_TASK PROMPT_
Nothing but the lines from the start of the records below through the line that has "Hogyan nem sikerült" should appear, each exactly as given.

Items from a dataset
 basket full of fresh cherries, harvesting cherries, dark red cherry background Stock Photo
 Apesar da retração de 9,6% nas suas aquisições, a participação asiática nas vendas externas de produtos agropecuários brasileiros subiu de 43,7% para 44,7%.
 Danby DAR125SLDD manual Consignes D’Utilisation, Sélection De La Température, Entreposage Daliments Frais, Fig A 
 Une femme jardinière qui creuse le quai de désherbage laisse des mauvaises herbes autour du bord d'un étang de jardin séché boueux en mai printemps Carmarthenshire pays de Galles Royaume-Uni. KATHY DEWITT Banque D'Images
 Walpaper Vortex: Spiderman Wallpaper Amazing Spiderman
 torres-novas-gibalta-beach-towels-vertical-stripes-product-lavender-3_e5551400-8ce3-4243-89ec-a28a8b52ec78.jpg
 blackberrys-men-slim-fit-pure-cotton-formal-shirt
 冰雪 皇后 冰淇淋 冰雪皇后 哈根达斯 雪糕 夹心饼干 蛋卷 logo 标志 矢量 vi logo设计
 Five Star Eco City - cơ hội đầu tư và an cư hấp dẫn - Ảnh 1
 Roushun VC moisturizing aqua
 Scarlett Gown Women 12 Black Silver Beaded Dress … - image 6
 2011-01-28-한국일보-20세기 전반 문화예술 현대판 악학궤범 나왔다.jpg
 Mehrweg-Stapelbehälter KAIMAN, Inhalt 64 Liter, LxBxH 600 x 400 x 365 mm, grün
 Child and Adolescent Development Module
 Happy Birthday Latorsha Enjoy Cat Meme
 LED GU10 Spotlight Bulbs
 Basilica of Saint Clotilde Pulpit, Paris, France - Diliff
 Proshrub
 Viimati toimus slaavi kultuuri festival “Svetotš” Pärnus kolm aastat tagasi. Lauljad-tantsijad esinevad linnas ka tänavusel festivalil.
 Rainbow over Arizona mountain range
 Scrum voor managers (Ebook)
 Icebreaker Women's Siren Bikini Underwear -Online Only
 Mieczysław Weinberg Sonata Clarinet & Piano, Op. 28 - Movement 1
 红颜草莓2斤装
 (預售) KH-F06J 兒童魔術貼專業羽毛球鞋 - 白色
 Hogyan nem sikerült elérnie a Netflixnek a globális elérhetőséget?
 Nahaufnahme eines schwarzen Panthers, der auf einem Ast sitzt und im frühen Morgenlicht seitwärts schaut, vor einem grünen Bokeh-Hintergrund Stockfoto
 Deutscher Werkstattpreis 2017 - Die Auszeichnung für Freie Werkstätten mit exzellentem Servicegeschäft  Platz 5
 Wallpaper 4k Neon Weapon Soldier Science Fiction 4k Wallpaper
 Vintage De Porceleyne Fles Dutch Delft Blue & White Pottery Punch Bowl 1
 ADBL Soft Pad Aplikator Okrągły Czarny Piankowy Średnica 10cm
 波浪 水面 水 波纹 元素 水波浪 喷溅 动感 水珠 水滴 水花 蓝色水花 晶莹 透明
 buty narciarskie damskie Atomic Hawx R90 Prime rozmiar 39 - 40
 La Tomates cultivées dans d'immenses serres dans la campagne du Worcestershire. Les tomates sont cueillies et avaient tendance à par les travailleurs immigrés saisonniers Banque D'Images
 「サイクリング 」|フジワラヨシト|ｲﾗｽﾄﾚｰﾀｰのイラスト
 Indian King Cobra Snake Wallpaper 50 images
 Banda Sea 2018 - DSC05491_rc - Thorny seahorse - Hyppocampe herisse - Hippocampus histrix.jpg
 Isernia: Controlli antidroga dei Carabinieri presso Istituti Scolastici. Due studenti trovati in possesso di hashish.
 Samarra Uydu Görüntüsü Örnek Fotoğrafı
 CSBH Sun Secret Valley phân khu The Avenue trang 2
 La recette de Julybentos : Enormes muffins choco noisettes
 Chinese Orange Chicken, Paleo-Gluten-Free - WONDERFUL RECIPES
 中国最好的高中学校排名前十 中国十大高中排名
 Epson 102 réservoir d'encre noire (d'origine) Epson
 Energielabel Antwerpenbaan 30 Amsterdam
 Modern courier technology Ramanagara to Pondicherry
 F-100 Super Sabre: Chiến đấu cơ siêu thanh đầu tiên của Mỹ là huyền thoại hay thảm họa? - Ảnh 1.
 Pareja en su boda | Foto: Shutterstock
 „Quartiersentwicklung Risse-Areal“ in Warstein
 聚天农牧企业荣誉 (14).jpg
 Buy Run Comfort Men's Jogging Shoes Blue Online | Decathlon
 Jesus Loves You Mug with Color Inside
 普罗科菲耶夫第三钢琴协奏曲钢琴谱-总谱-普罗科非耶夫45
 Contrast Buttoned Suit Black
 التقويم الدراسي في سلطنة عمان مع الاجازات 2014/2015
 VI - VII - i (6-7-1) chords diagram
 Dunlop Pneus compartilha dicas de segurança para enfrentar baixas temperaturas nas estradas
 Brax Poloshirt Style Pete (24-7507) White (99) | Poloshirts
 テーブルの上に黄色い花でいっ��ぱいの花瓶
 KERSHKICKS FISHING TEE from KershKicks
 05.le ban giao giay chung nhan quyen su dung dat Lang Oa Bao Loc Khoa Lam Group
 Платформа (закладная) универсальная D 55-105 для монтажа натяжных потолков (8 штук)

_WRITTEN ANSWER_
 basket full of fresh cherries, harvesting cherries, dark red cherry background Stock Photo
 Apesar da retração de 9,6% nas suas aquisições, a participação asiática nas vendas externas de produtos agropecuários brasileiros subiu de 43,7% para 44,7%.
 Danby DAR125SLDD manual Consignes D’Utilisation, Sélection De La Température, Entreposage Daliments Frais, Fig A 
 Une femme jardinière qui creuse le quai de désherbage laisse des mauvaises herbes autour du bord d'un étang de jardin séché boueux en mai printemps Carmarthenshire pays de Galles Royaume-Uni. KATHY DEWITT Banque D'Images
 Walpaper Vortex: Spiderman Wallpaper Amazing Spiderman
 torres-novas-gibalta-beach-towels-vertical-stripes-product-lavender-3_e5551400-8ce3-4243-89ec-a28a8b52ec78.jpg
 blackberrys-men-slim-fit-pure-cotton-formal-shirt
 冰雪 皇后 冰淇淋 冰雪皇后 哈根达斯 雪糕 夹心饼干 蛋卷 logo 标志 矢量 vi logo设计
 Five Star Eco City - cơ hội đầu tư và an cư hấp dẫn - Ảnh 1
 Roushun VC moisturizing aqua
 Scarlett Gown Women 12 Black Silver Beaded Dress … - image 6
 2011-01-28-한국일보-20세기 전반 문화예술 현대판 악학궤범 나왔다.jpg
 Mehrweg-Stapelbehälter KAIMAN, Inhalt 64 Liter, LxBxH 600 x 400 x 365 mm, grün
 Child and Adolescent Development Module
 Happy Birthday Latorsha Enjoy Cat Meme
 LED GU10 Spotlight Bulbs
 Basilica of Saint Clotilde Pulpit, Paris, France - Diliff
 Proshrub
 Viimati toimus slaavi kultuuri festival “Svetotš” Pärnus kolm aastat tagasi. Lauljad-tantsijad esinevad linnas ka tänavusel festivalil.
 Rainbow over Arizona mountain range
 Scrum voor managers (Ebook)
 Icebreaker Women's Siren Bikini Underwear -Online Only
 Mieczysław Weinberg Sonata Clarinet & Piano, Op. 28 - Movement 1
 红颜草莓2斤装
 (預售) KH-F06J 兒童魔術貼專業羽毛球鞋 - 白色
 Hogyan nem sikerült elérnie a Netflixnek a globális elérhetőséget?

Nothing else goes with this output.